A Quick Look Back at ParkerVision
ParkerVision went public in 1993, as a developer of proprietary radio frequency (RF) technology for wireless and cellular communication networks. For 18 years, ParkerVision had difficulty bringing their technology to the market, with their stock trading sideways at best. In 2011, (when its stock was trading at $0.46), it filed a federal lawsuit in the U.S. District Court of Florida against Qualcomm Incorporated , seeking unspecified damages and injunctive relief for infringement of six of its patents related to RF receivers and the down-conversion of electromagnetic signals.
In February 2013, the U.S. District Court of Florida sided with ParkerVision on most key issues in the Markman hearing for its patent case, clearing the way for the case to go to trial. A Markman hearing determines definitions of disputed technical terms in a lawsuit, and a final ruling involving those terms is often considered a critical piece of any patent case. Of the 44 terms that were under dispute and included in the Markman Order, the judge sided with ParkerVision's definitions on 40 of the terms. One day after the Company's Markman hearing, the stock was trading at $3.35.
In October 2013, a jury in Orlando found that Qualcomm infringed four ParkerVision patents and awarded them $173 million in damages, which was the second-biggest patent verdict in 2013, behind the $290 million awarded to Apple Inc. (NASDAQ:AAPL) in a retrial of its fight with Samsung Electronics Co. Ltd. (KOSE:A005930). ParkerVision is now demanding royalties from Qualcomm for the infringing products being shipped into the U.S. through the year 2022. While the size of future royalty payments is still unknown, an Equity Research Analyst from Ladenburg Thalmann & Co. Inc. put out a report in May 2014 that he believes that ParkerVision could generate royalties in excess of more than $100 million starting in 2014.

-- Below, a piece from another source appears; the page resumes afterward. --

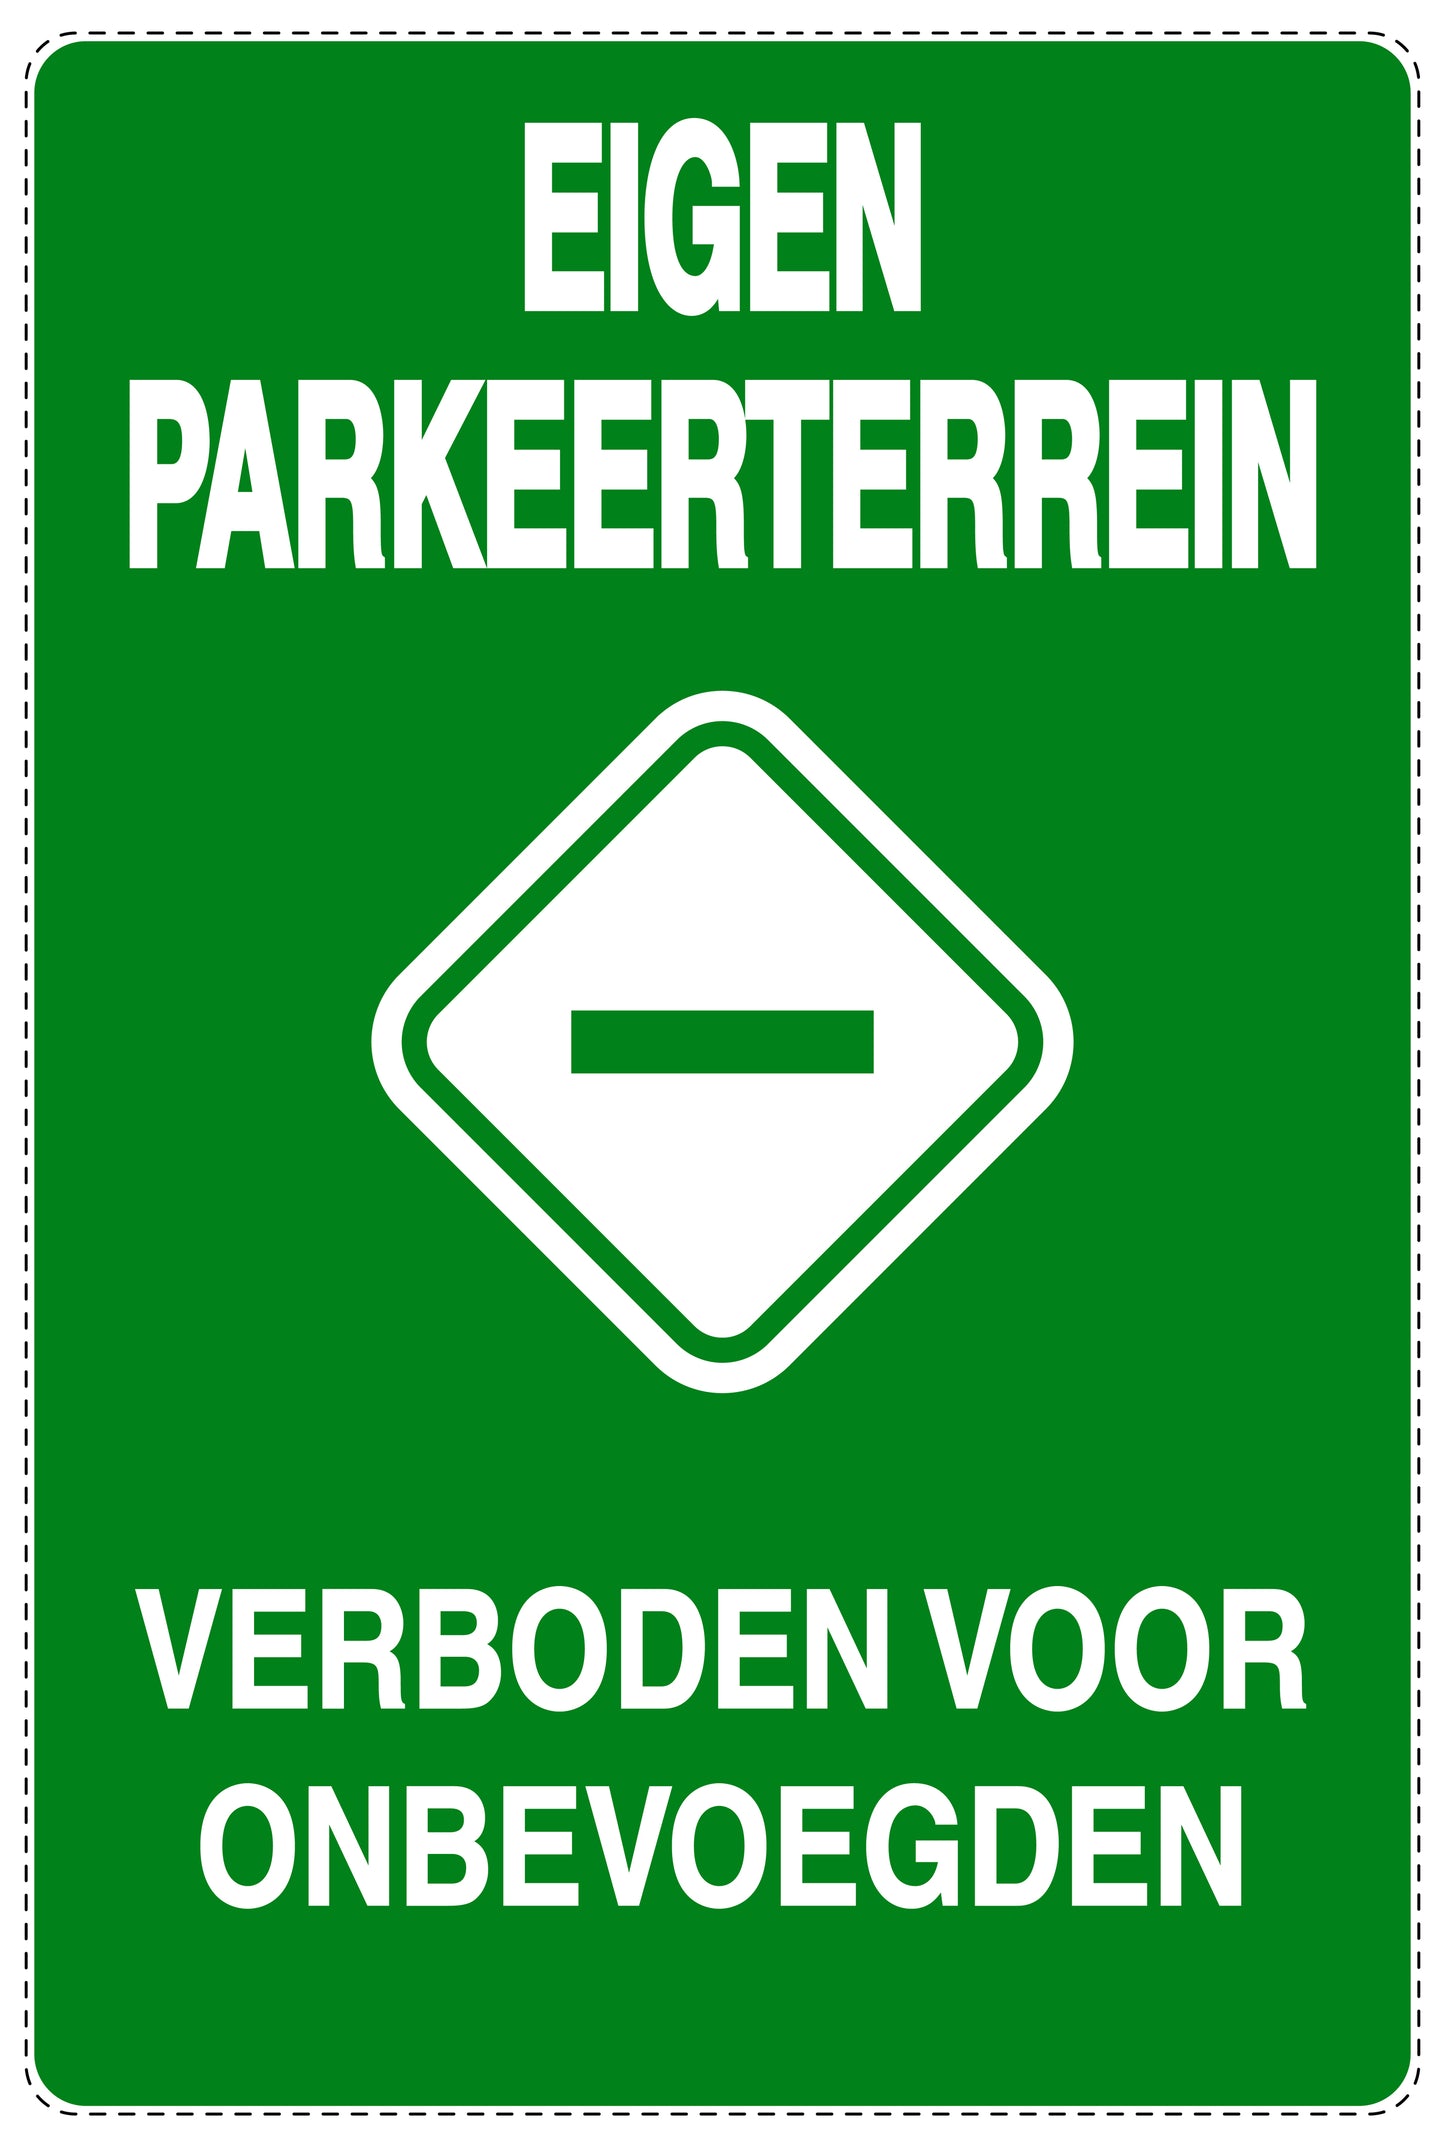 Niet parkeren Sticker "Eigen parkeerterrein verboden voor onbevoegden" EW-NPRK-2180-54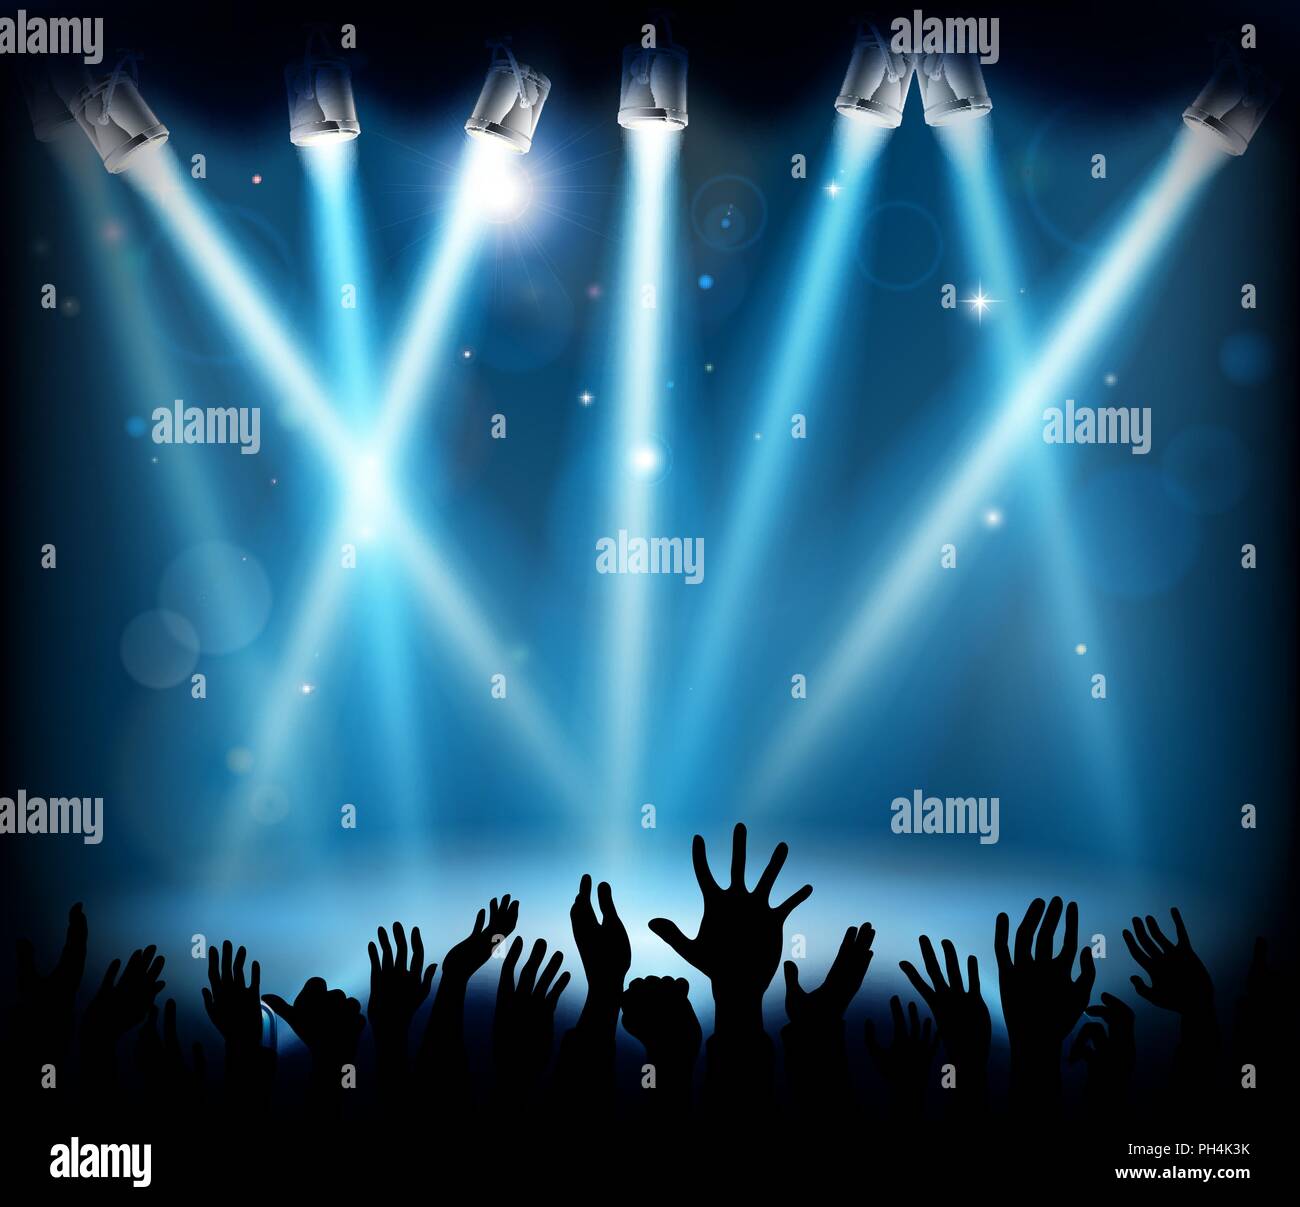 Konzert Bühne Party Menge Menschen die Hände Silhouette Stock Vektor

In May 2014, ParkerVision filed a second patent suit, contending that Qualcomm has been infringing on seven additional patents, not related to the current RF down-conversion technology and names the Taiwanese mobile company, HTC Corporation (TSEC:2498), which is one of Qualcomm's biggest customers. As of May 20, 2014, ParkerVision was trading at $4.62 with a $445 million market capitalization.
Not a Patent Troll
Neither ParkerVision or Zecotek are Patent Assertion Entities, they are operating companies whose primary business is to try and commercialize the existing technologies they created. They are significantly different from the numerous, well-known public companies whose sole business is to seek enforcement of intellectual property they have acquired from others, including Acacia Research Corporation (NASDAQ:ACTG), VirnetX Holding Corp. (NYSE MKT:VHC), Vringo, Inc. (NASDAQ:VRNG), CopyTele, Inc. (OTCQB:OTCQB:COPY), and Marathon Patent Group, Inc. (OTCBB:OTCQB:MARA). These businesses are legitimate and pursue their businesses according to the law, however, ParkerVision and Zecotek represent something different with the upside of both major patent litigation and the potential for significant commercialization milestones in the near horizon.
Zecotek has made it past this very important Markman Order hurdle and investors will now look for news on an upcoming trial date, and their ability to fund their lawsuit If the ParkerVision model is any guide, many investors with an interest in intellectual property will be following developments closely.